Any being lives better or worse in the place where it lives according to the characters it has developed. So, for example, if you have a thick covering of hair, you will stand the cold well; if you have agility to climb trees, you will escape predators; and if you can swim, you will not drown when crossing a river. This ability to live better or worse is what we call adaptation to the environment. Those that are better adapted live better, eat well, escape from predators, live longer, and, therefore, will have more offspring and leave more offspring to the next generation who will carry their genes. This is the survival of the fittest.
- Beings better adapted to their environment leave more offspring to the next generation.
In a negative sense, individuals who are less well adapted live less and leave fewer offspring, so that after several generations their genes tend to disappear, leaving only the genes that are a better fit. In other words, nature selects the best genes for a particular environment; this is what we call natural selection. In the example of the bears, in a hot medium, short-haired bears live better than those with long hair, and it will be somewhat hot, which will affect their daily lives (run less, be more tired, etc.).
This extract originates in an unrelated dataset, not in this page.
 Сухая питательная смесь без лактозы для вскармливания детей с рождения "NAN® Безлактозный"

Short-haired bears live longer and better and leave more offspring to subsequent generations. Eventually, fewer bears will be born with long hair. If at any given time there is a sustained change in the environment in which a population lives, everything will change, and the best-adapted individuals may cease to be, and, conversely, those who previously lived worse and left few descendants may now be the best adapted. In this case, natural selection will act now, favoring those who it harmed before. If the place where our bears live is getting colder, long-haired bears who used to live worse are now going to become the fittest, and short-haired bears who used to live better now do not bear the cold, live worse, and leave fewer offspring, changing the evolutionary trend. After many generations, the population will have disappeared from the alleles of short hair; all bears are long-haired, and the bear species have changed slightly. Now maybe we have a new subspecies characterized by having long, thick hair to protect it from the cold.
Evolutionary Forces
As we have seen, the main evolutionary force is genetic mutations, which are responsible for most of the genetic variability of populations, but they are not the only evolutionary force that acts, as there are others that are also very important:
- Sexual reproduction, which is responsible for the mixing of genes and alleles in individuals.
- The number of individuals in the population, because if the population is very small, genetic changes occur more quickly (genetic drift).
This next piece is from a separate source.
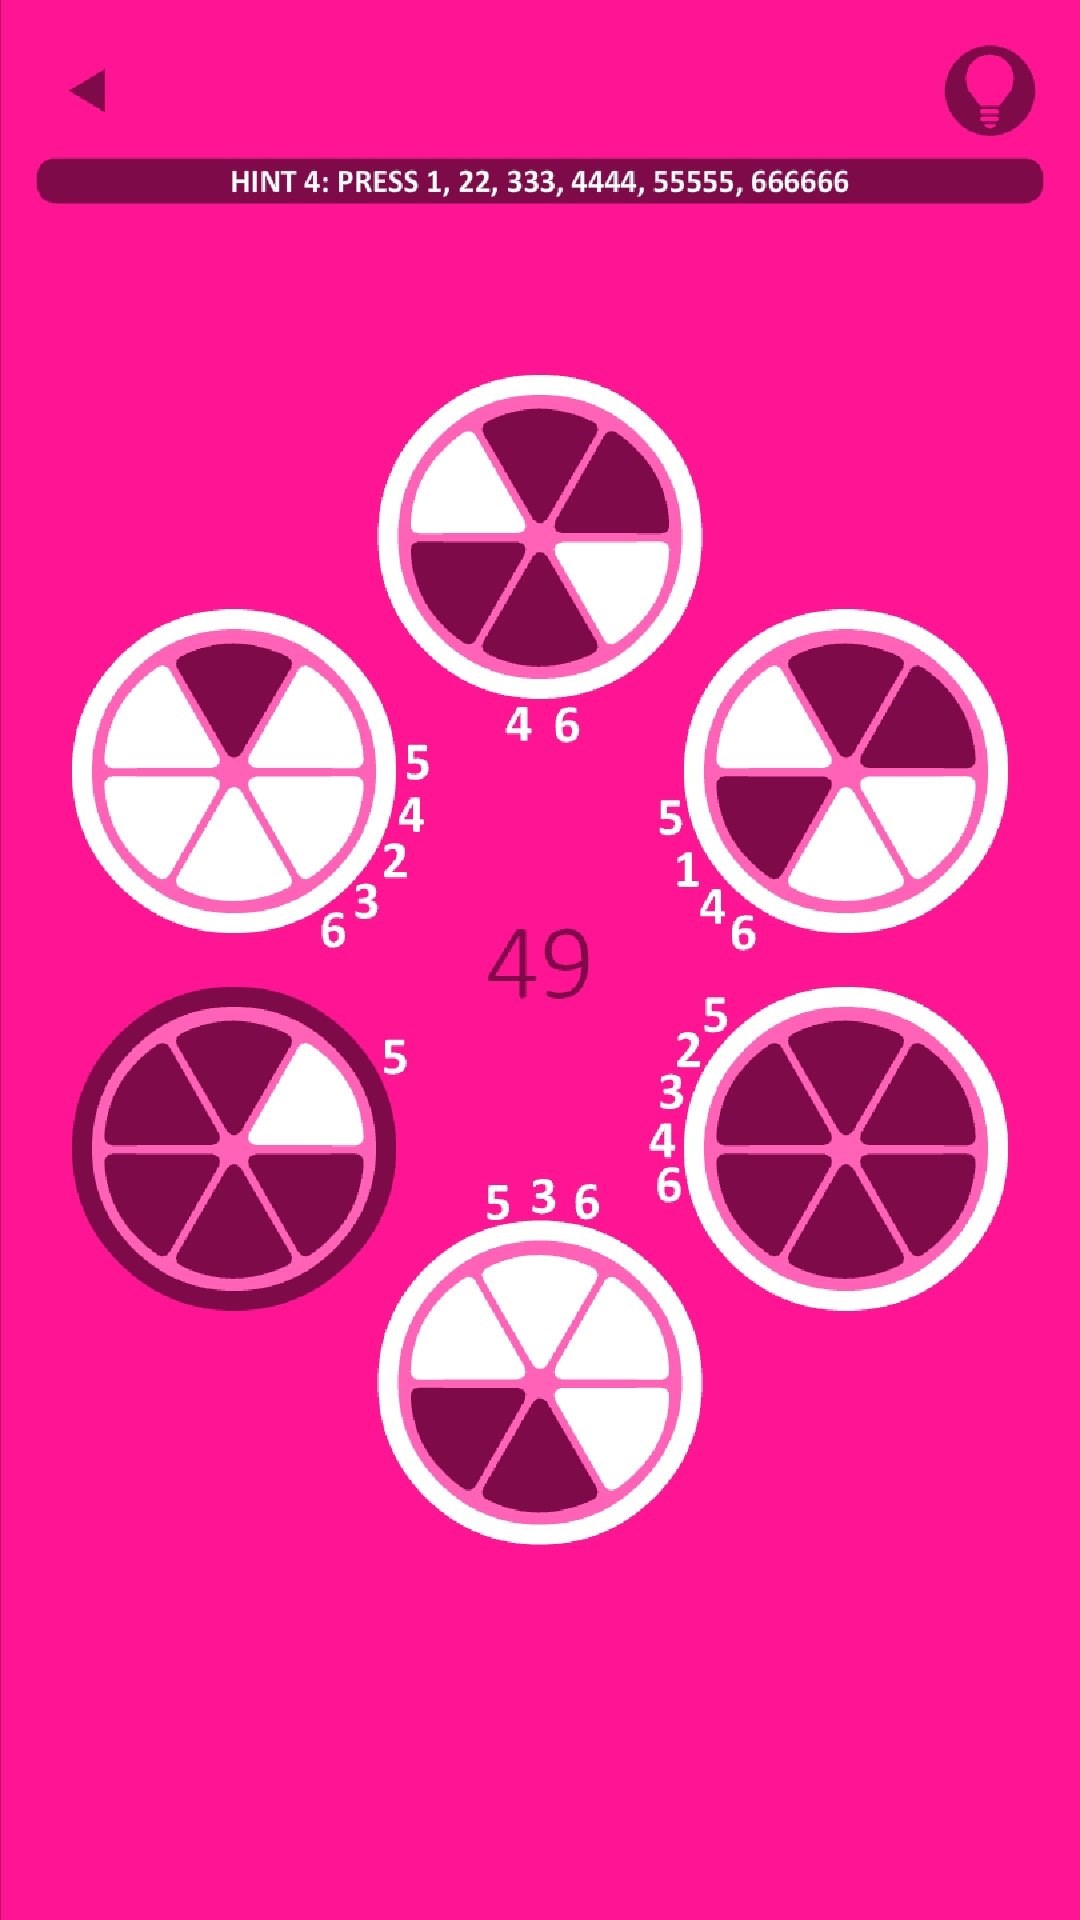 Bulmaca oyunu Pink, ücretsiz olarak mobil cihazlarda yayınlandı

- Movements of individuals, migration, altering the set of genes and alleles of the population.
- And, of course, natural selection, which will select those most favorable genetic combinations in that environment, making those individuals best adapted to produce more individuals and their biological effectiveness is greater.
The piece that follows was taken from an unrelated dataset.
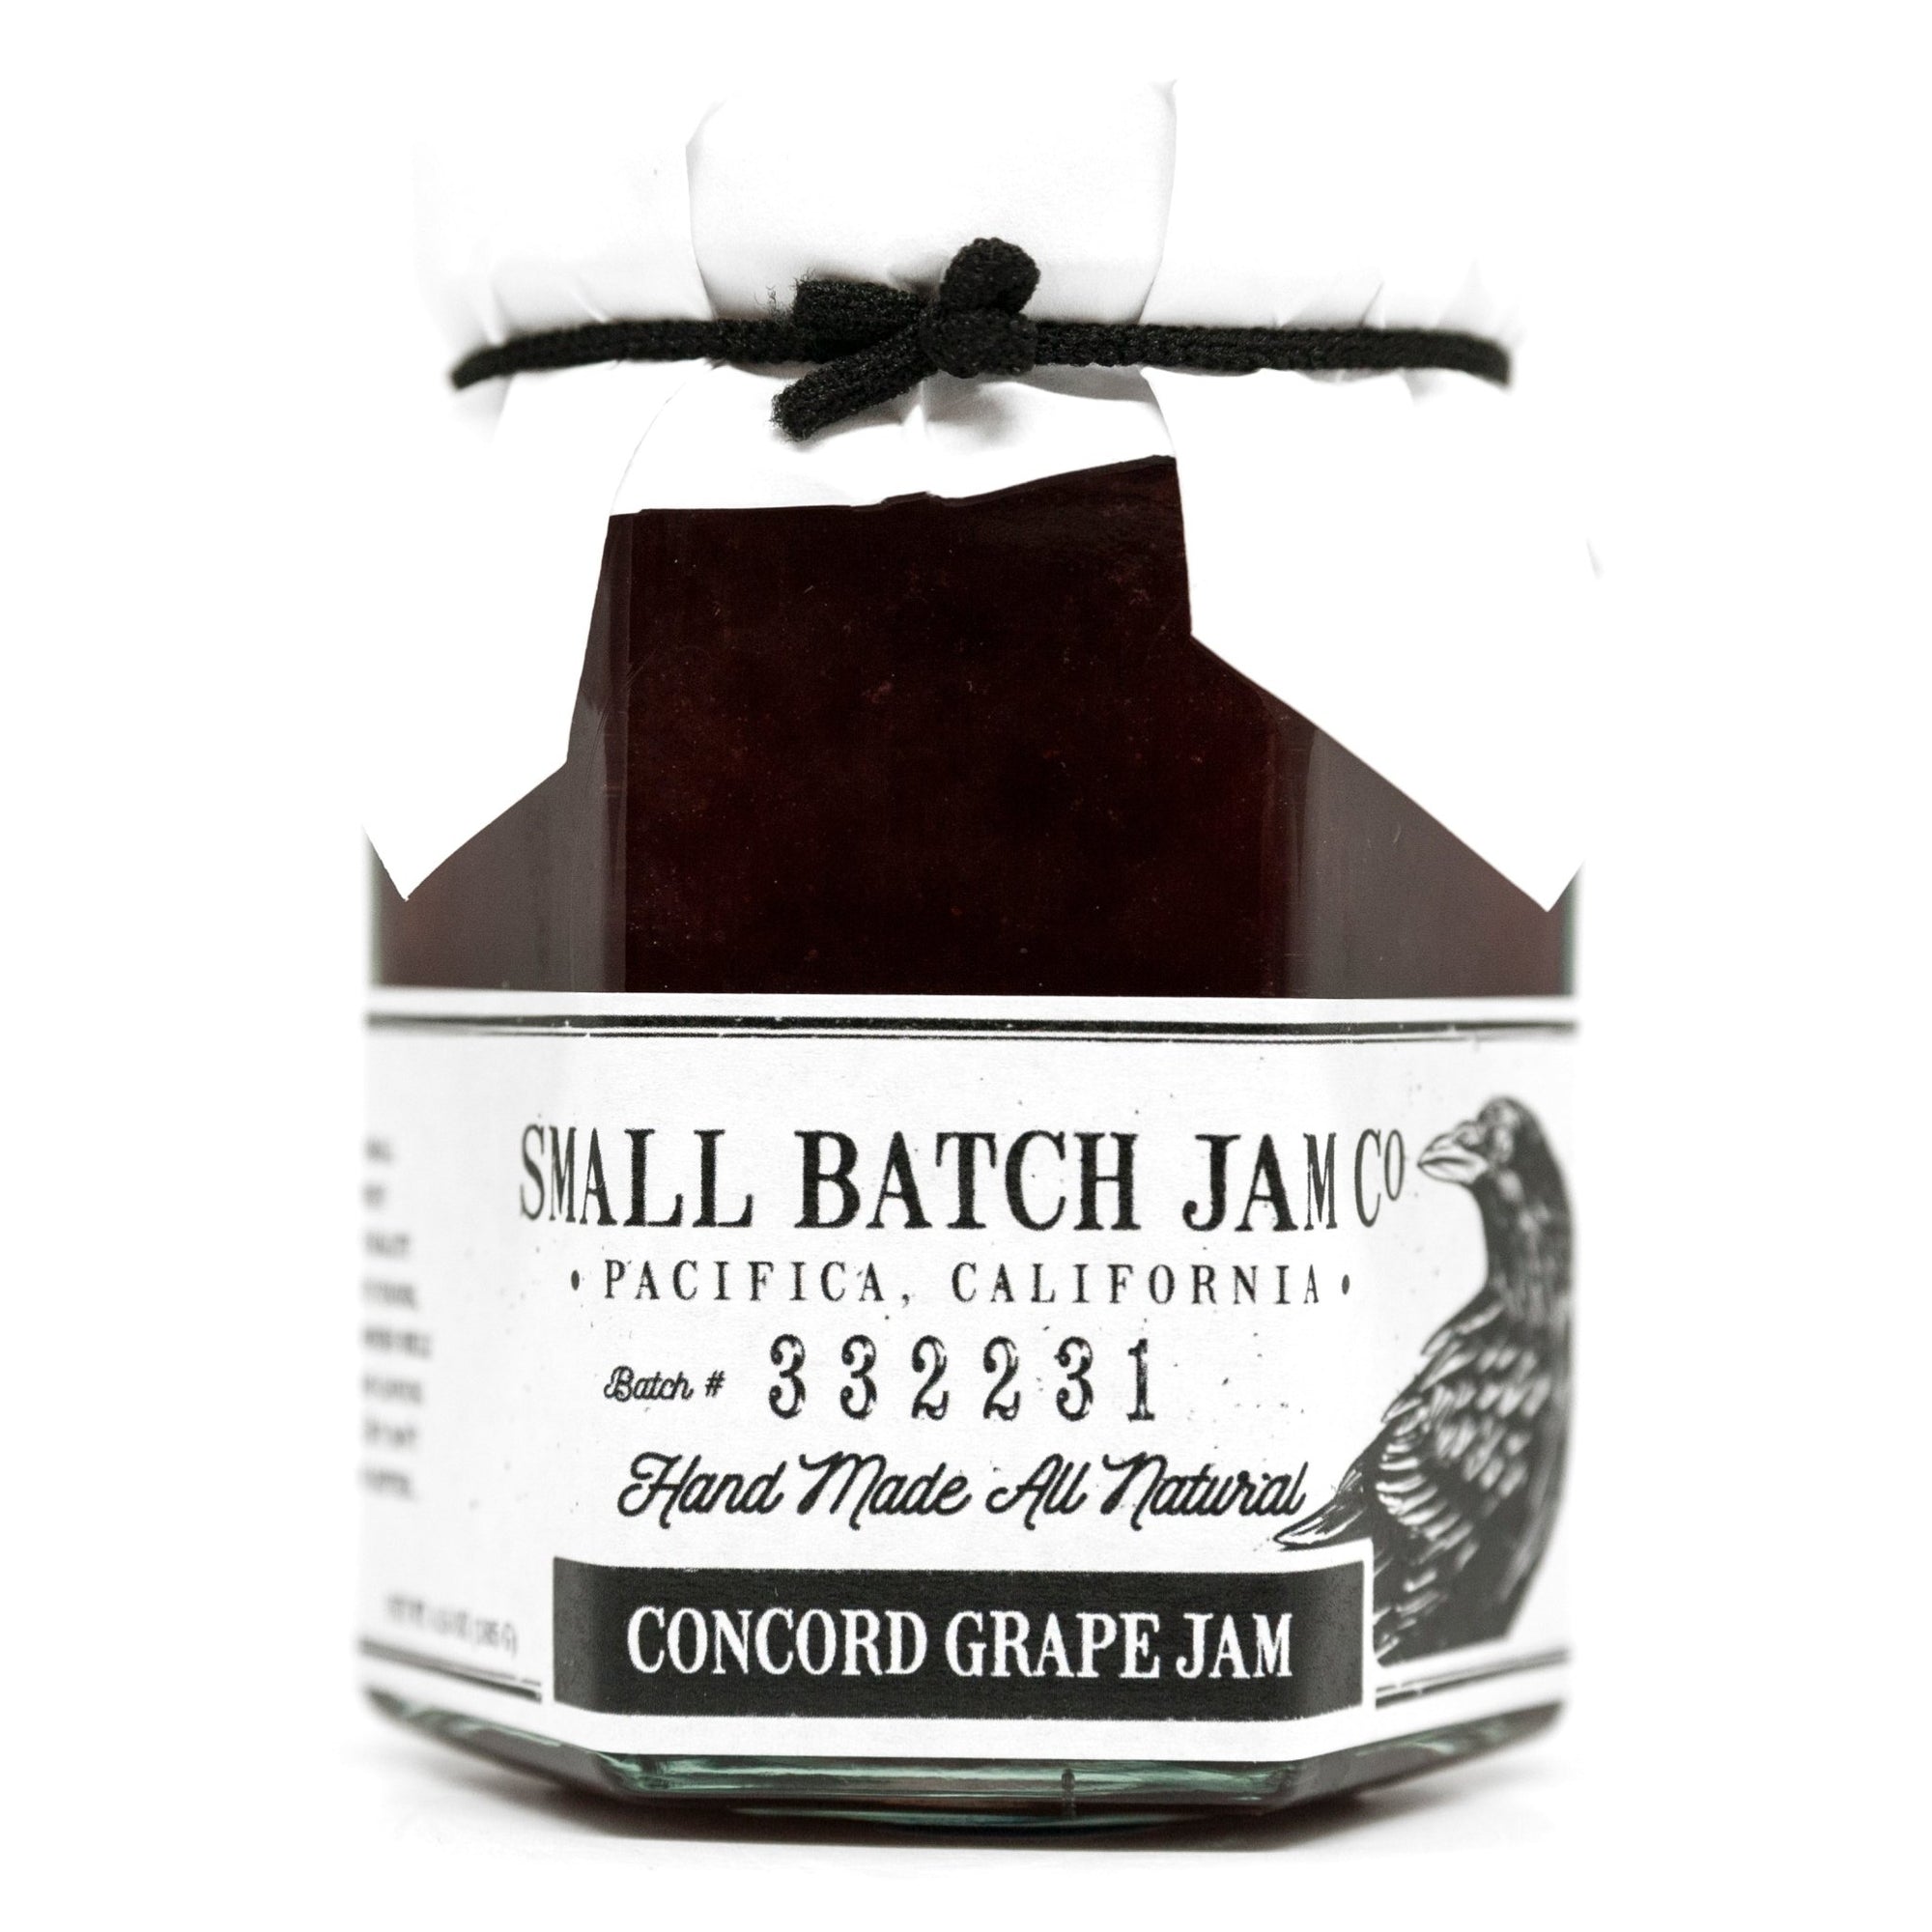 Concord Grape Jam - Small Batch Jam Co

Microevolution and Macroevolution
Sometimes natural selection acts by favoring alleles that result in major changes in populations, so that over time new species can arise similar to the above, what we call microevolution. Or groups of living things may become completely different species, even earlier extinct, what is called macroevolution. It all depends on mutations arising alleles or new genes, suggesting the existence of characters very different from those existing, and that these different characters are selected by mean better adaptation to the environment.
Speciation
When a population changes its genetic information by mutations, the combination of sexual reproduction and natural selection favors new genetic combinations. Eventually, the population will belong to the species and will become a new species; this is what we call speciation. This process is slow and gradual, as the Darwinists and neo-Darwinism say, or is quick and sharp, as the “saltationists” or punctuated equilibrium say.